As the integration of (generative) AI technologies into news organisations continues apace, the need for robust, transparent, and consistent evaluation frameworks has become increasingly pressing. While the initial excitement and speculation around the transformative potential of these technologies has dominated the discourse, the hard realities of deploying these systems in high-stakes journalistic contexts are now coming into focus.

News teams are grappling with difficult questions around when, where and how to leverage AI-powered tools. What are the appropriate use cases? How can the accuracy, reliability and safety of AI-generated content be assured? What are the ethical considerations and potential unintended consequences that must be weighed? Crucially, many organisations lack clear, field-tested methodologies for systematically assessing the fitness of AI systems for various journalistic applications.
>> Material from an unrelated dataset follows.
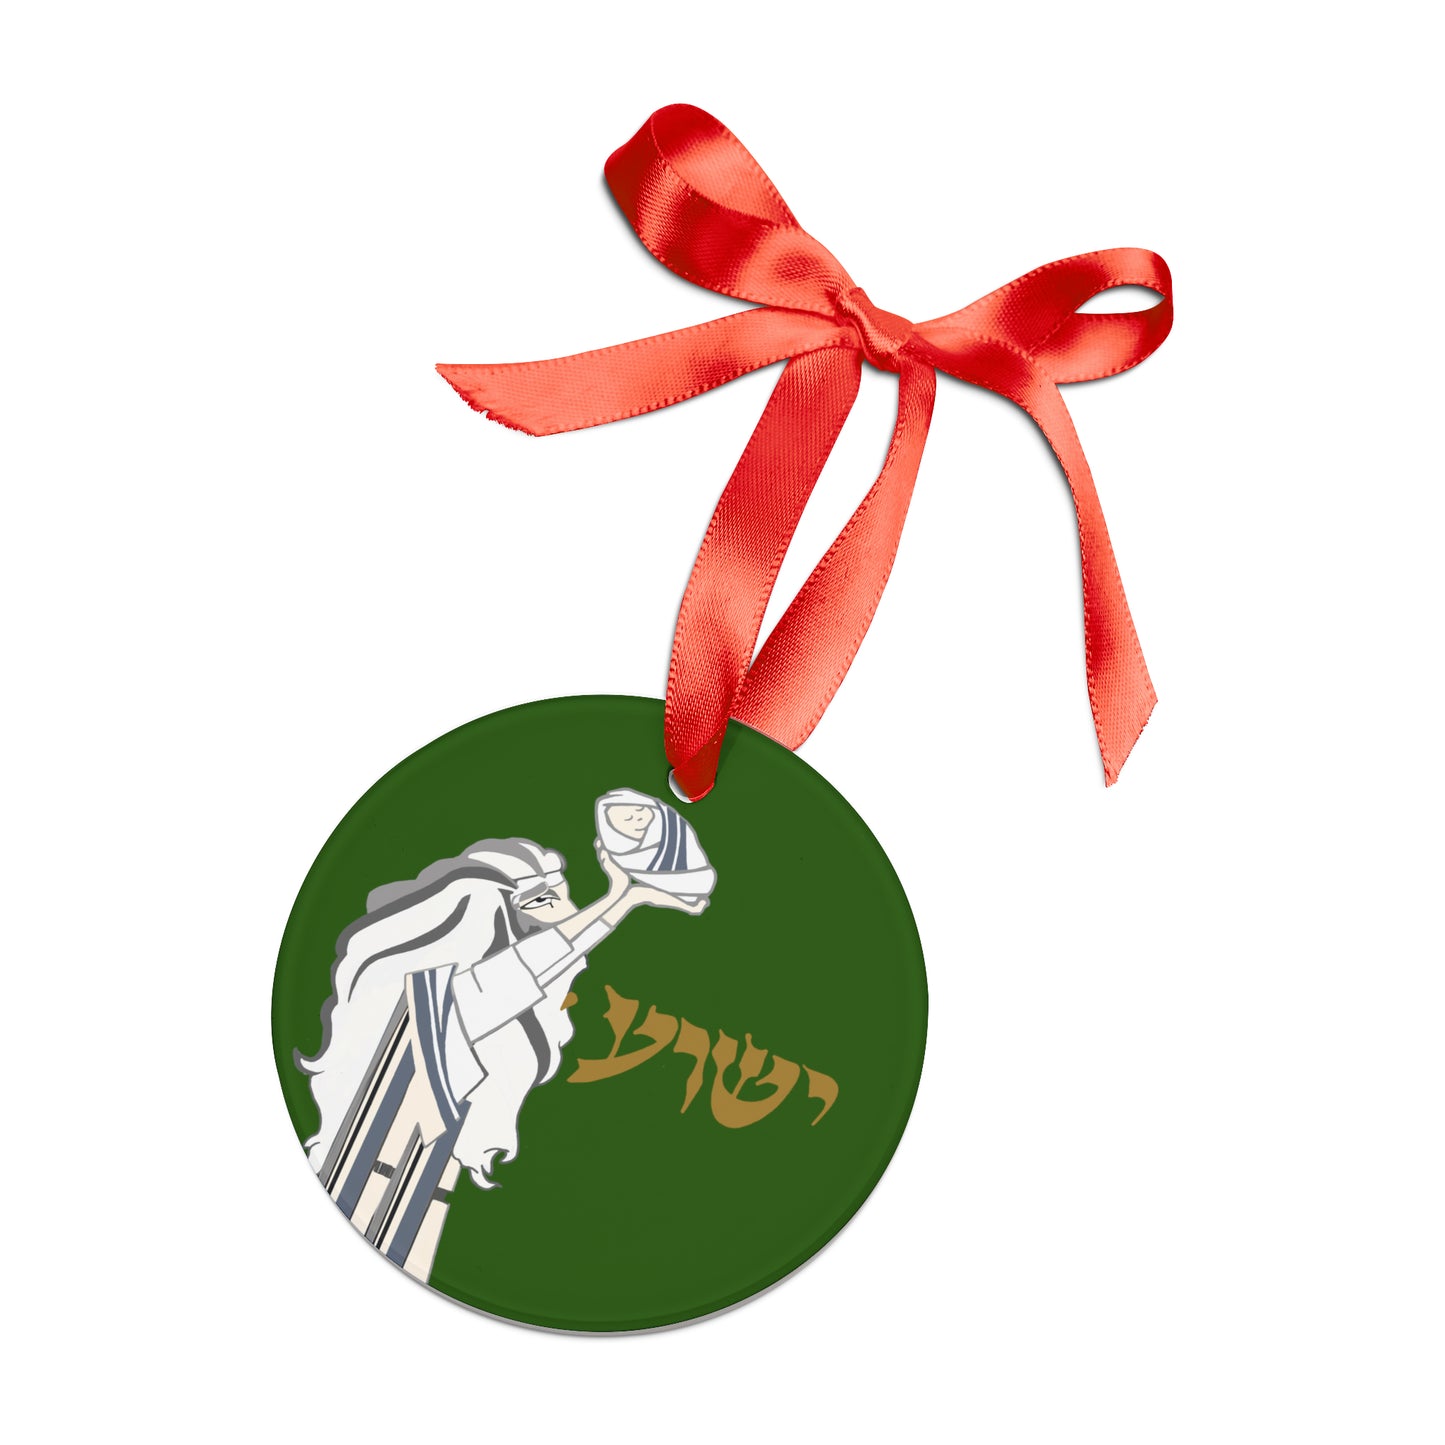 The Child / Green Acrylic Ornament with Ribbon

This panel will bring together four leading AI thinkers and practitioners from The New York Times, The Guardian and The Wall Street Journal to share insights, challenges and potential solutions from their organisation around the crucial task of evaluating AI technologies for newsroom deployment. We will explore frameworks for benchmarking AI systems across dimensions such as factual accuracy, editorial quality,  safety, and bias. We will also discuss the organisational processes, skill sets and resourcing required to sustain rigorous, ongoing evaluation efforts.

By shining a light on the difficulties and best practices in this space, this panel aims to catalyse a much-needed industry dialogue. Sharing stories of failure as well as success, we hope to equip other news organisations with ideas and inspiration to make thoughtful and responsible decisions about deploying AI technologies in their work.